A new report released by Asite highlights the importance of digital twins across all sectors, including manufacturing, health and housing. Housing Industry Leaders analyses the ‘Digital Twin: Weaving the Golden Thread’ report, to reveal the foundations required for wide-scale implementation of digital twins as we head towards Industry 4.0.
Undoubtedly, digital twins are set to usher in a new and exciting digital era. To ensure this technological push is as successful as possible, Asite has published a report to examine the ways to build digital twins.
Asite’s open construction platform enables organizations working on capital projects to come together, plan, design, and build with seamless information sharing across the entire supply chain.
With the main focus on the idea of the golden thread of information. The report states: “A digital twin relies on sensor data from its physical counterpart and includes a combination of metadata, event data, and analytics. To enhance insights, improve performance, and optimize decision making, a digital twin needs lots of rich, diverse, and reliable asset-related data.”
Additionally, the report focuses on three core principles, which are:
- 75% of companies from various industries across six countries have already implemented or plan to implement a digital twin within a year.
- Openness, collaboration, and interoperability need to be embraced to optimize the implementation of digital twin technology.
- A global digital framework could help industries overcome the challenges currently inhibiting digital twins.
Trans-national support for digital twins
As shown above, three-quarters of companies from many different industries have already implemented or plan to implement a digital twin within a year. This proves there is a massive swell of support for using digital twins to improve services across the country and even further than that.
Despite this multidisciplinary support, data fragmentation is a huge obstacle for the golden thread of information. Digital twins work best when there is a seamless flow of data from the beginning of the project throughout its life cycle and beyond.
Fragmentation and lack of robust methods of data exchange have resulted in data being utilized poorly. Through this, insights can be routinely lost which leads to deployed solutions not being optimized.
Nathan Doughty, CEO of Asite explained: “In fluctuating and increasingly uncertain times, digital twins can provide the built environment with a level of predictability and certainty that we need to remain resilient.”
Digital fragmentation a solvable issue
Housing Industry Leaders was told to tackle digital fragmentation: “Digital twin technology needs to realise its potential. We need a common open platform that will allow us to send, receive, capture, store, and share structured and unstructured data.

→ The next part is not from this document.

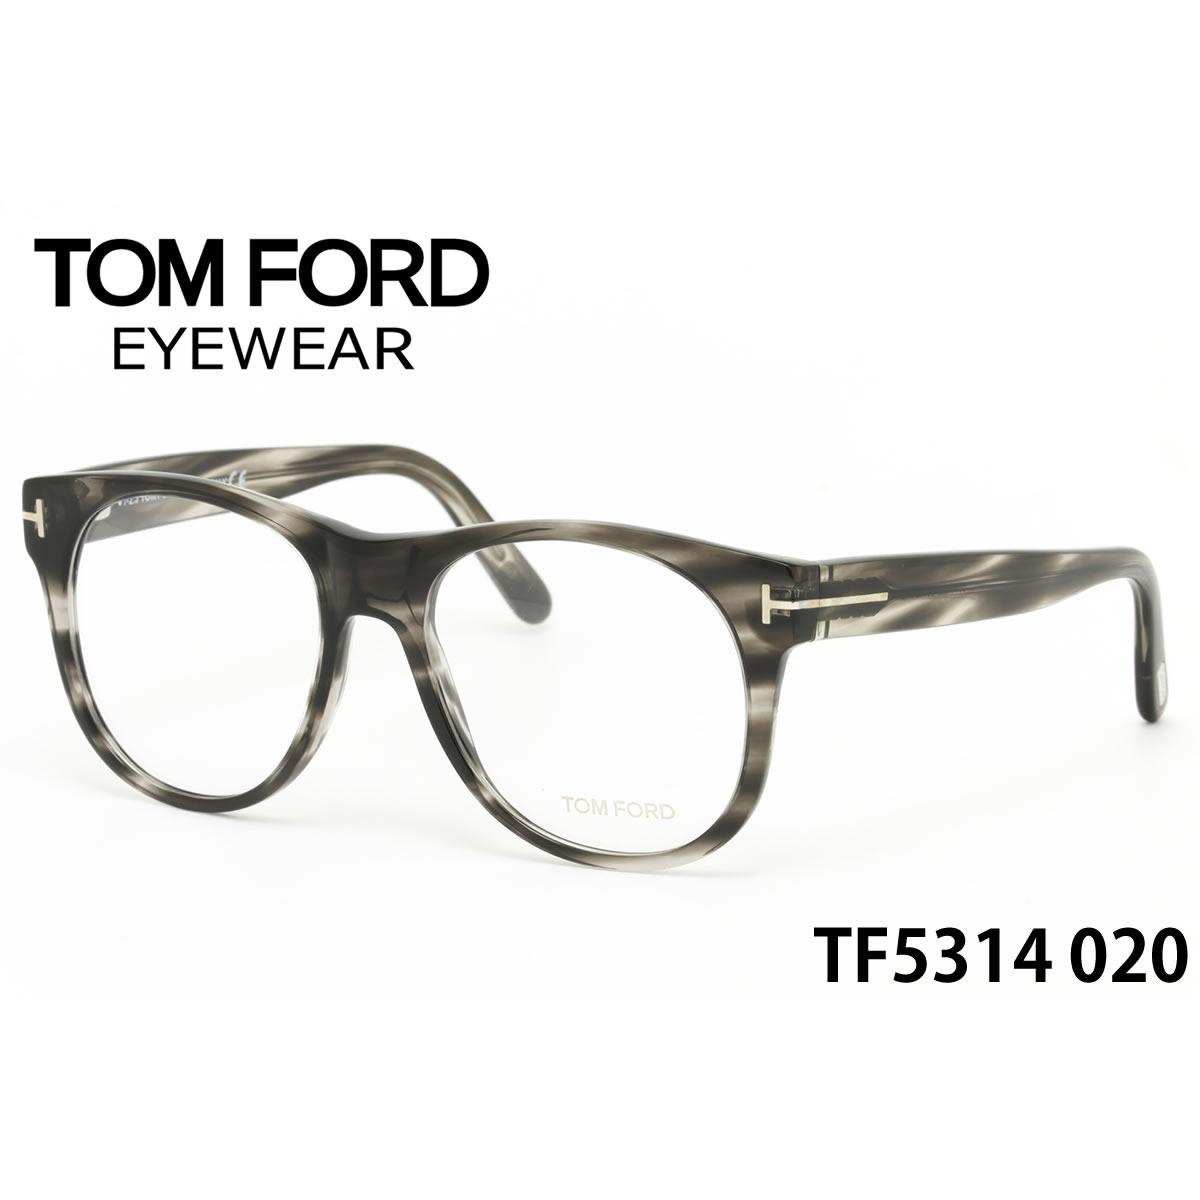 ほぼ全品ポイント15倍~最大43倍+3倍!お得なクーポンも! 【トムフォード】(TOM FORD) メガネ TF5314 020 55サイズ TOMFORD FT5314 セルシール1個サービス メンズ レディース

This will help us to collaborate without barriers – and specifically, without vendor lock-in or proprietary software.”
The Asite Platform connects a growing ecosystem of partners through standardized interfaces, consolidating strengths to unlock everything digital twins have to offer.
In addition to openness and collaboration, the report also explains that developing a global digital framework will aid in overcoming challenges currently facing digital twins.
Digital twin technology needs to realise its potential. We need a common open platform that will allow us to send, receive, capture, store, and share structured and unstructured data
“Establishing how data is used, maintained, and shared would allow us freely share and interpret data and insights, creating an accurate record of a project and providing the optimal conditions for digital twins to thrive,” added Nathan.
Furthermore, the snapshot report looks at the deployment and potential capabilities of digital twins across traditional industries.
This includes city planners, who have become early adopters of digital twin technology using virtual models to gain a competitive edge; retailers, who are using digital twins to create customer personas, thereby enhancing services and improving product offerings.
Housing is also an area of interest as it can be used to make smarter and more sustainable decisions for our communities to deliver better quality homes. In the manufacturing sector, where the technology holds the most compelling promise with digital twins set to impact the way products are designed, manufactured, and maintained.
This technology is not only capable of providing valuable insight into infrastructure but also on a human level. The use in healthcare could be the creation of a digital replica of a patient, which can then be used by surgeons and health professionals to practice procedures in a simulated environment.
What is clear, is that as we move towards industry 4.0, solving these challenges at the early stages of digital twins, will improve the rollout and success of technology to improve multiple aspects of human life, behaviour and infrastructure.